### Work request
Make an exact transcript of the lines in the data below, starting with the one containing "Grey and Black" and going on through the one containing "Spc. Wyatt Walls, a", with both included and the pictures left out.

### Material provided
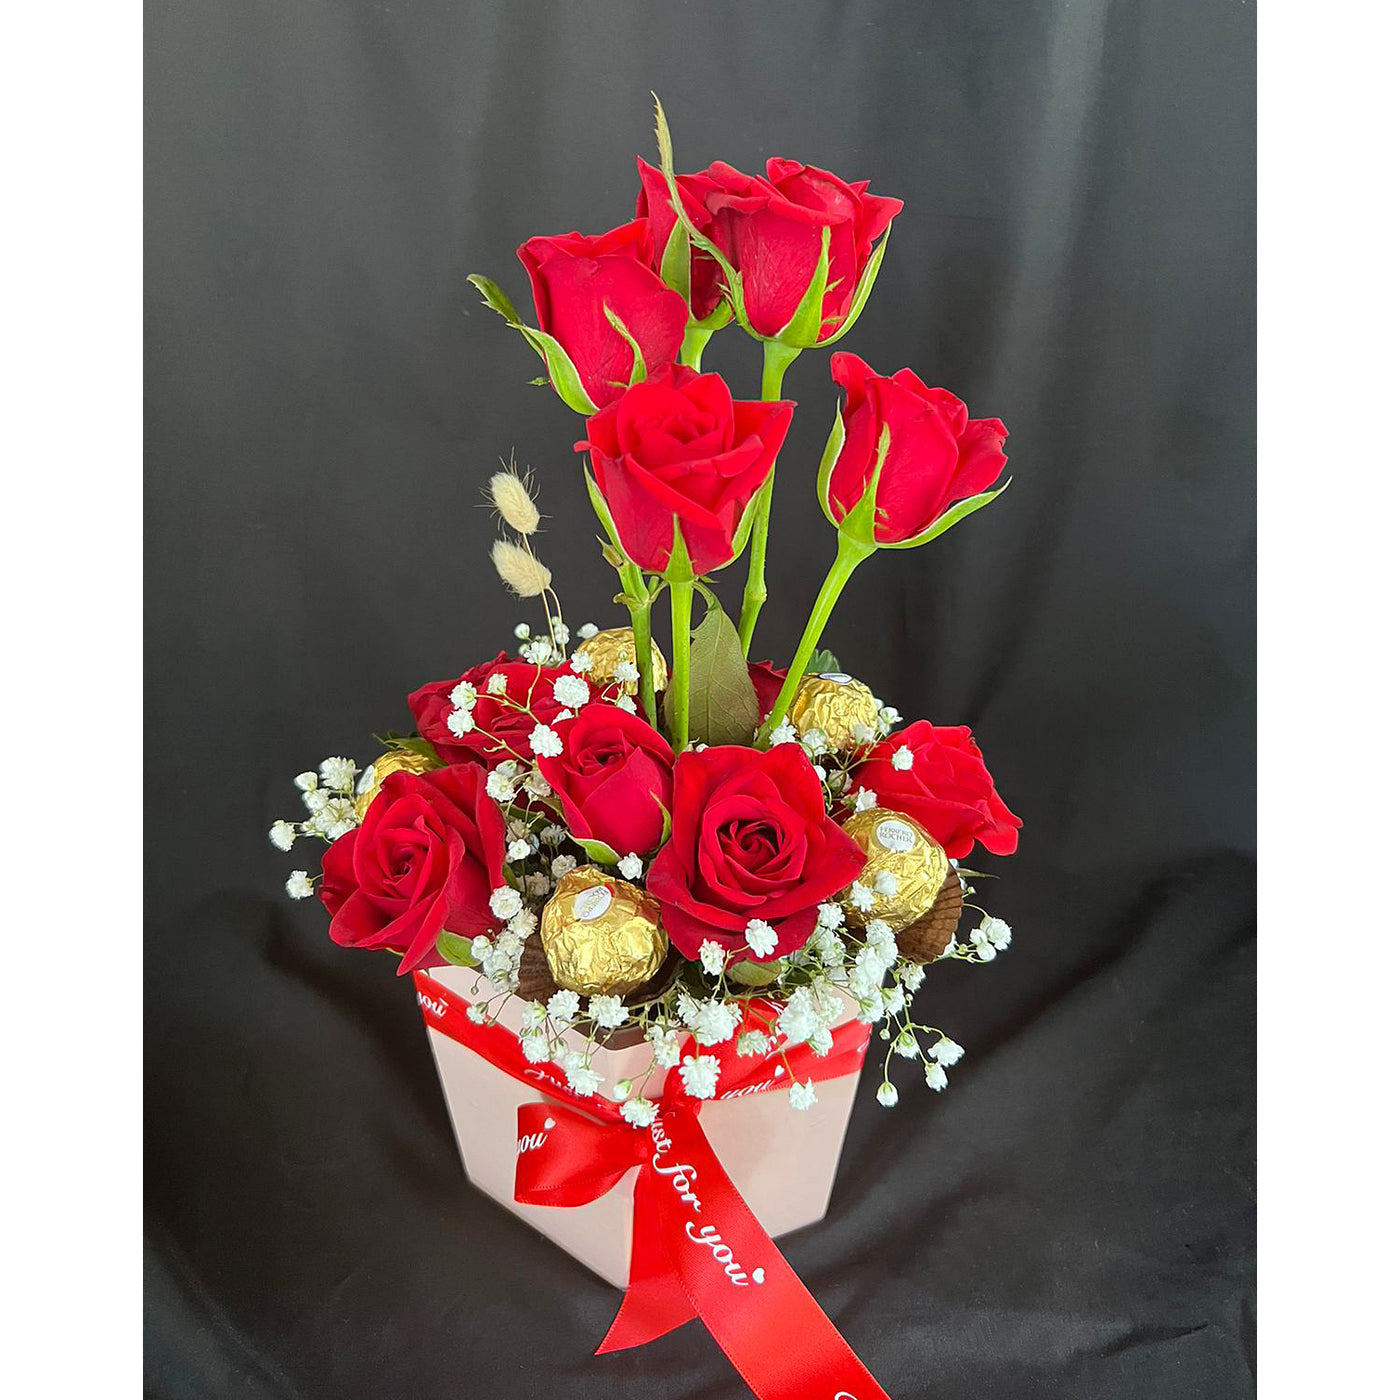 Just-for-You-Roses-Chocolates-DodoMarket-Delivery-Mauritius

...

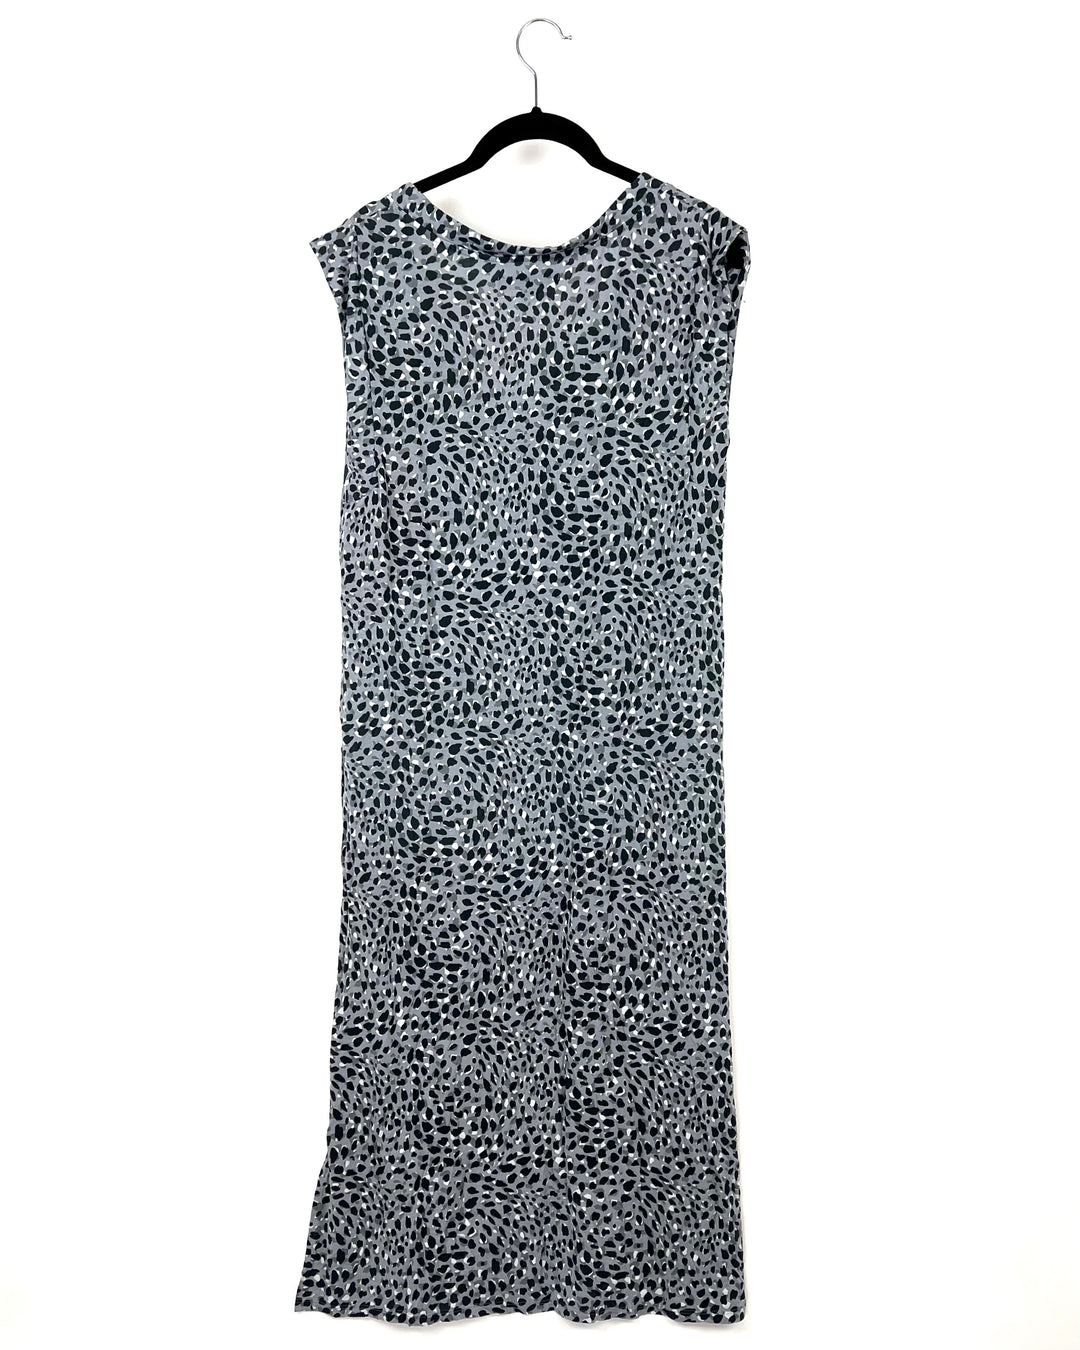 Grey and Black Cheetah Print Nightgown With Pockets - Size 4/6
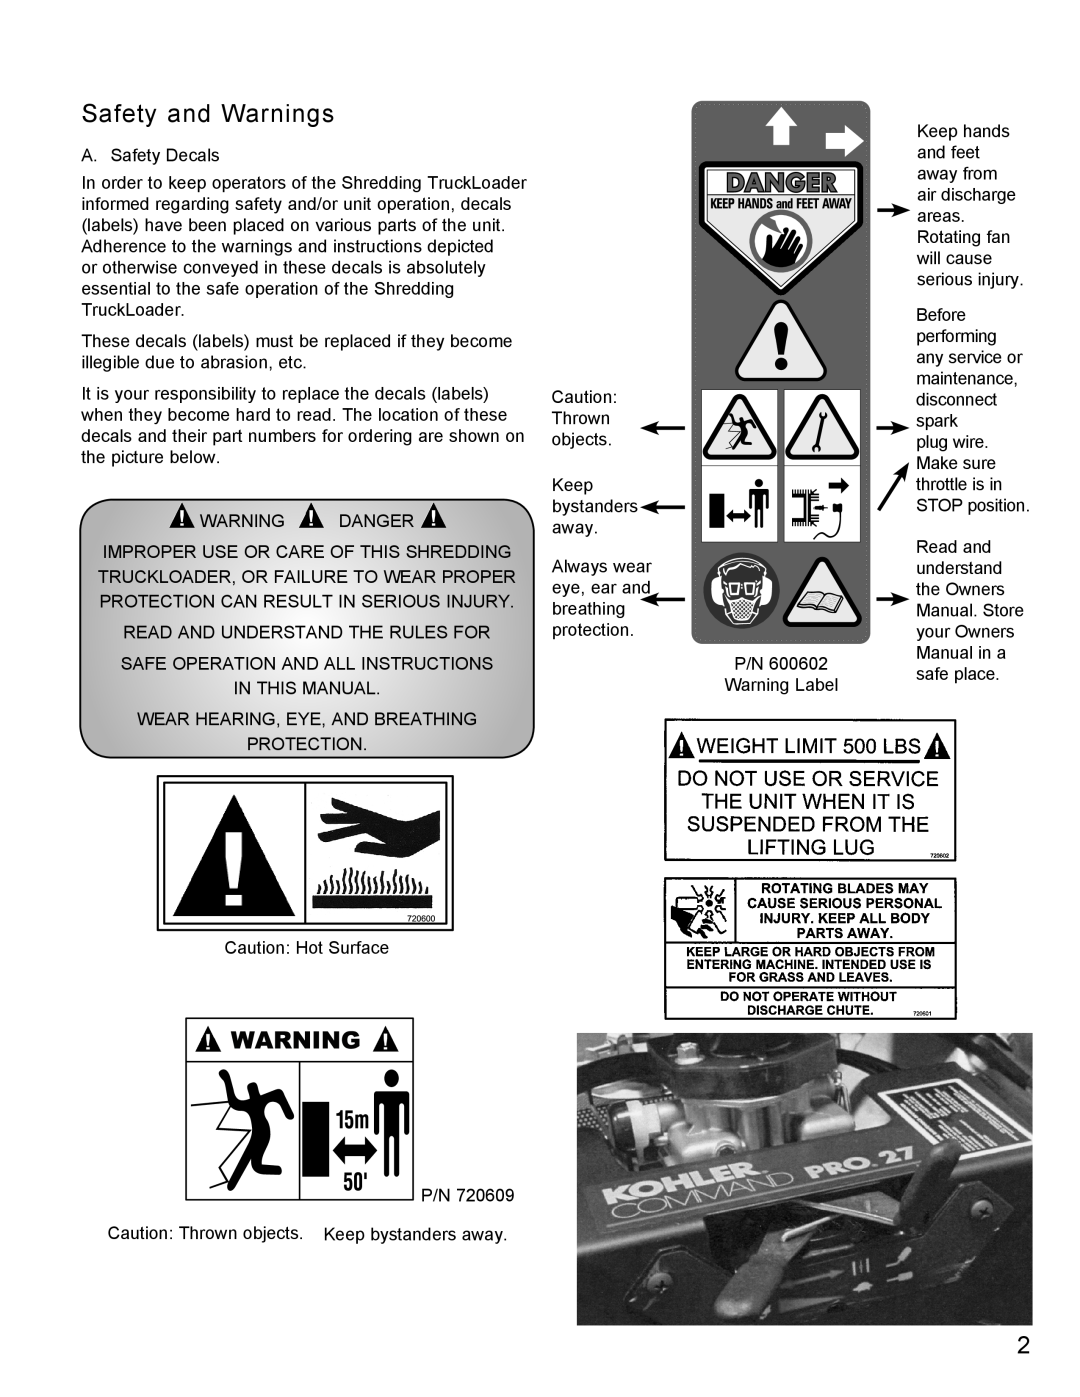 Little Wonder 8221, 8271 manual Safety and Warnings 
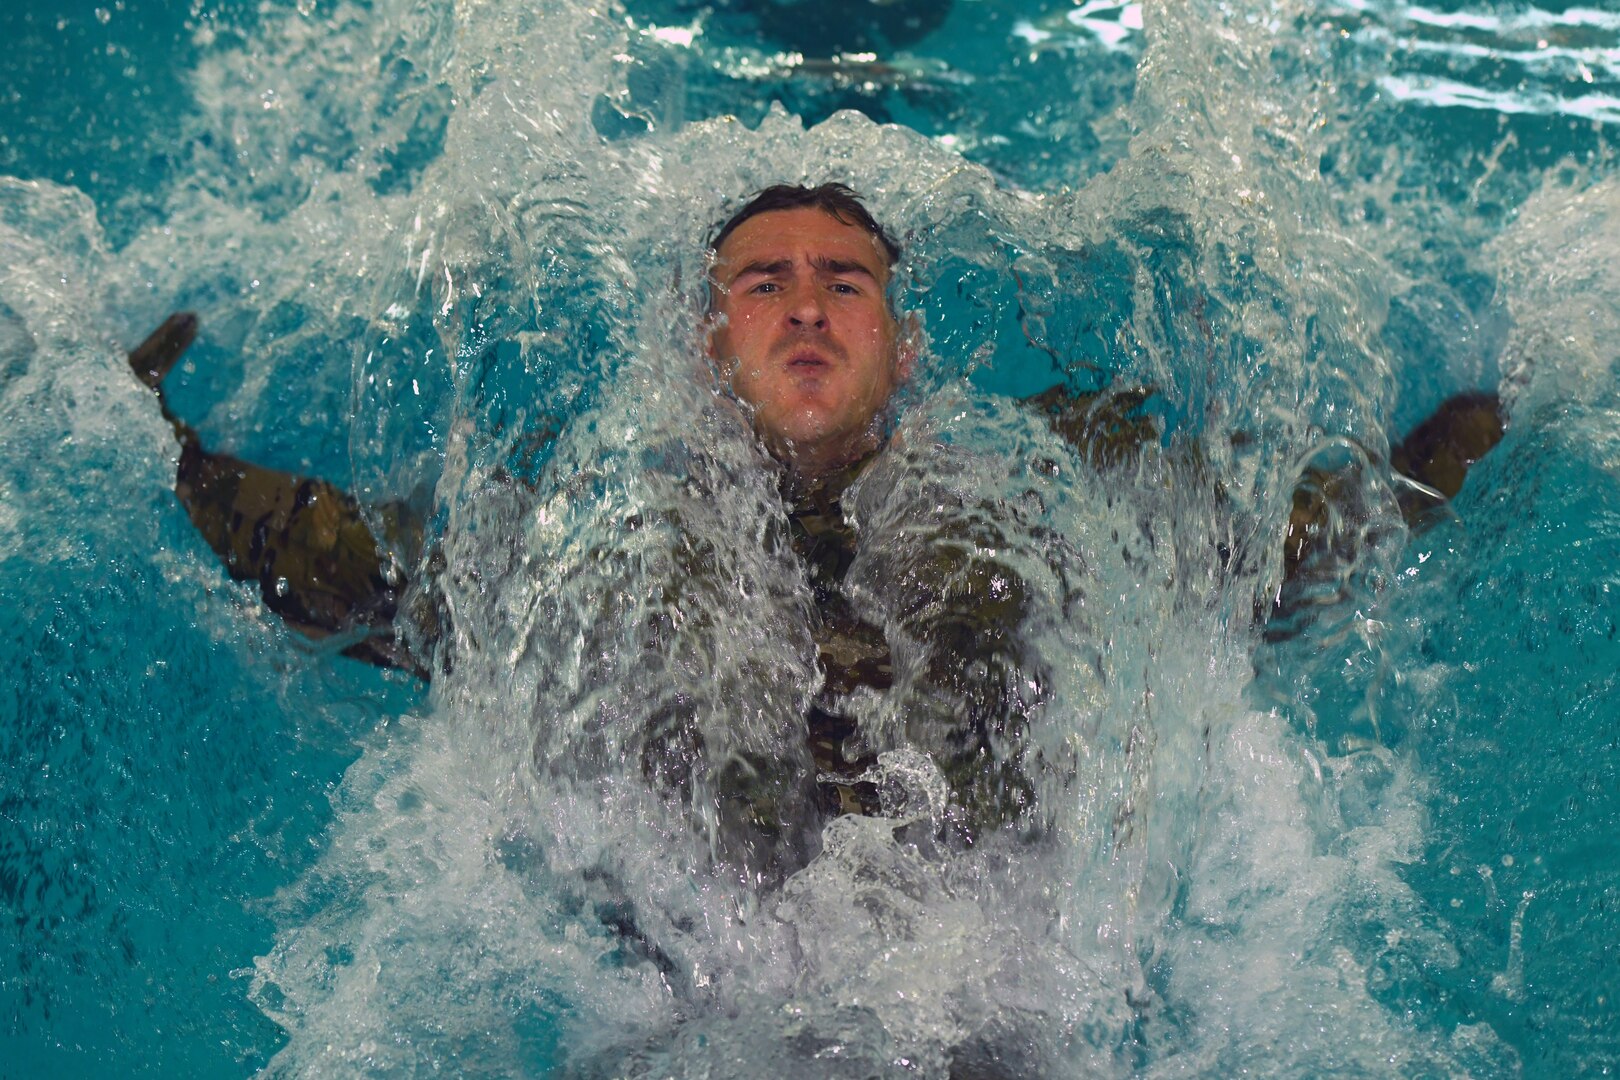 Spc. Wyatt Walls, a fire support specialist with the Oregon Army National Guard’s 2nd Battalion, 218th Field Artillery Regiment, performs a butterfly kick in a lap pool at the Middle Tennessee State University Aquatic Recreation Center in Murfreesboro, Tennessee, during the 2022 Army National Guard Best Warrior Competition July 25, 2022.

### Result for this task
 Grey and Black Cheetah Print Nightgown With Pockets - Size 4/6
 Little Wonder 8221, 8271 manual Safety and Warnings 
 Spc. Wyatt Walls, a fire support specialist with the Oregon Army National Guard’s 2nd Battalion, 218th Field Artillery Regiment, performs a butterfly kick in a lap pool at the Middle Tennessee State University Aquatic Recreation Center in Murfreesboro, Tennessee, during the 2022 Army National Guard Best Warrior Competition July 25, 2022.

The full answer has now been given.